On Saturday Auburn and Arkansas are playing and on Sunday Utah State travels to Tennessee.
That means six SEC teams have been announced for the opening weekend on the SEC Network, but there are still two games left to announce.
So which games are left.
We already know that Ole Miss and Boise State will play on Thursday, August 28th at 8 eastern on ESPN, Alabama and West Virginia will play at 3:30 eastern on ABC, and LSU and Wisconsin will play at 9 eastern on ESPN.
That leaves these five SEC games, two of which will air Saturday on the SEC Network:
Clemson at Georgia
Idaho at Florida
South Dakota State at Missouri
UT-Martin at Kentucky
Southern Miss at Mississippi State
One of these games is not like the other.
And don’t you think it’s a little bit curious that all of these other major out-of-conference games have already had their television times announced?
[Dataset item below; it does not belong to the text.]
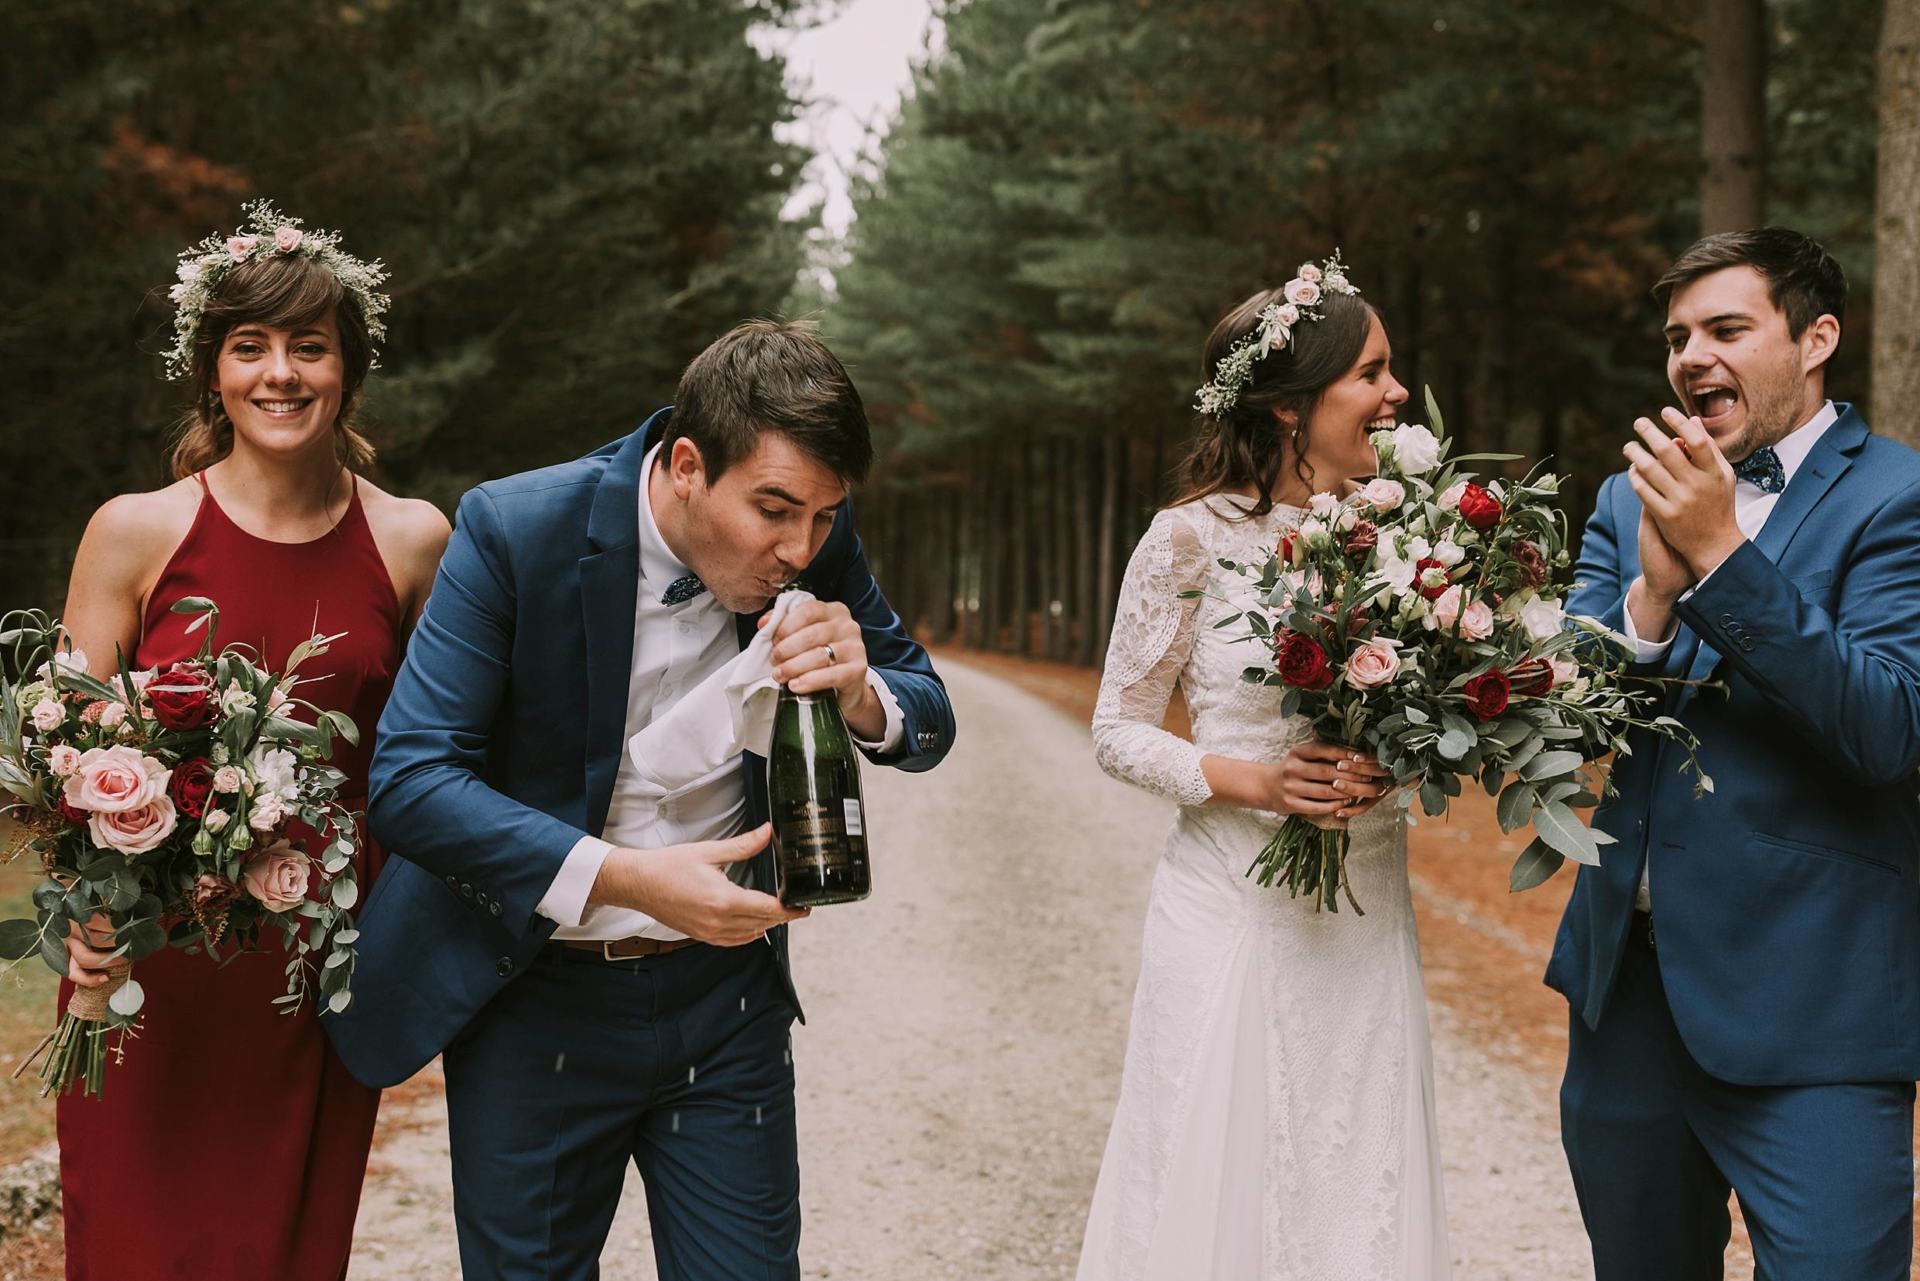 Charlotte Kiri Photography - Wedding Photography of a bride wearing a floral wreath and long-sleeved vintage dress and groom wearing a steel blue suit, and members of the bridal party smiling and drinking champagne as they walk down a gravel road lined with trees at Criffel Station, Wanaka, New Zealand.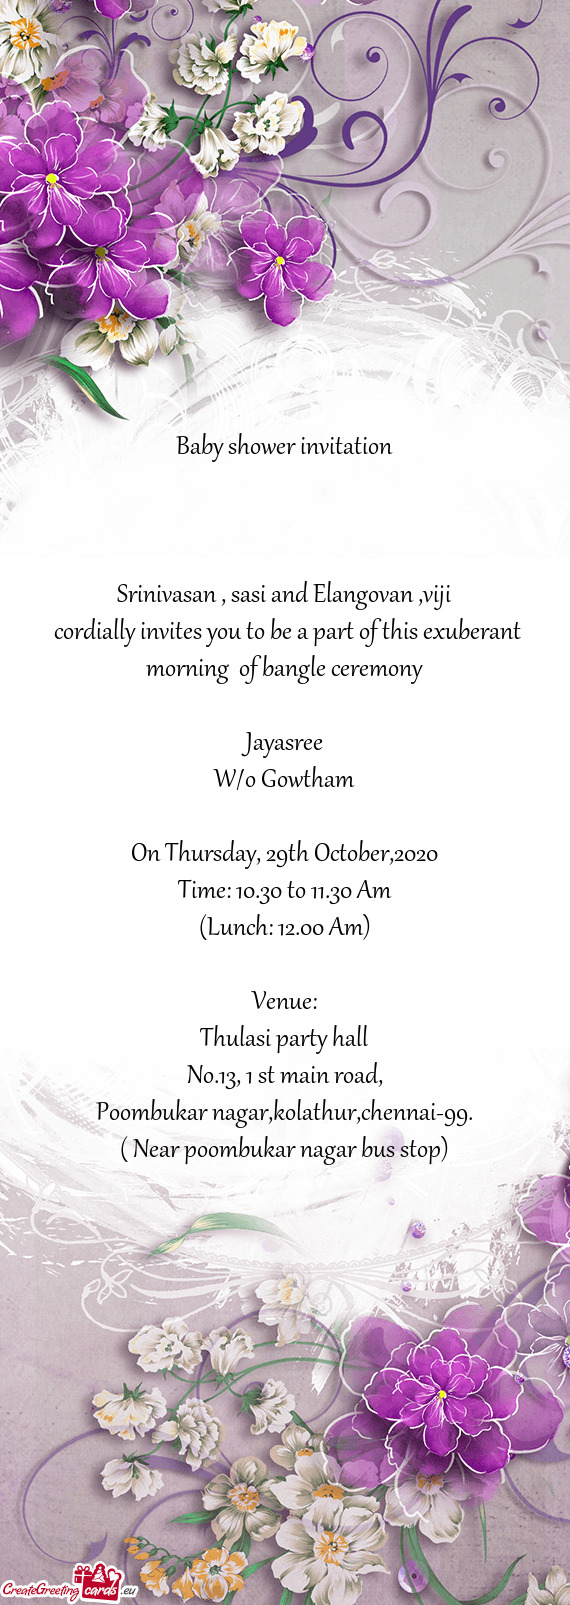 Cordially invites you to be a part of this exuberant morning of bangle ceremony

Clemson at Georgia is by far the best of the unscheduled SEC openers. And it leaves me with a big question, would the SEC Network be bold enough to grab that Clemson at Georgia game and put it on the SEC Network? ESPN and the SEC have the rights to this game this since the hosting team’s television deal, Georgia in this case, gets the rights to the game the network could definitely do it.
Putting Clemson at Georgia on the SEC Network would go a long way towards shooting down the argument that the SEC Network is only going to carry the lower tier football games. Hell, it also establishes to the rest of the country that if your team is playing at an SEC venue you may be on the SEC Network too. That helps with the argument that the SEC Network isn’t just a regional network, it’s a national one. Combine Clemson at Georgia with Texas A&M at South Carolina and Arkansas at Auburn and you’re talking about three very solid games for opening weekend, including the only two SEC conference games. Toss in one of these games above, let’s say Idaho at Florida since the Gators are the biggest TV draw in the conference and you’ve got eight of the 14 SEC teams beginning their seasons on the SEC Network. What’s more, you’d have the four biggest markets in the conference on television for opening weekend — Florida, Texas A&M, Georgia, and Tennessee. (Alabama’s a big national program, but the market’s smaller. Plus, Auburn’s on, so you’ve got the state of Alabama already).
Talk about pressure.
As if that wasn’t enough, can you imagine what it will be like in the state of South Carolina for the cable and satellite companies not carrying the SEC Network? You’d have South Carolina and Clemson both playing major opponents on the opening week of the college football season and only a tiny fraction of the televisions in the state would be carrying the game?
It’s a bold stroke, but it’s also genius.
Will ESPN be willing to take the heat from the ACC over putting this game on the SEC Network? We’ll find out very soon.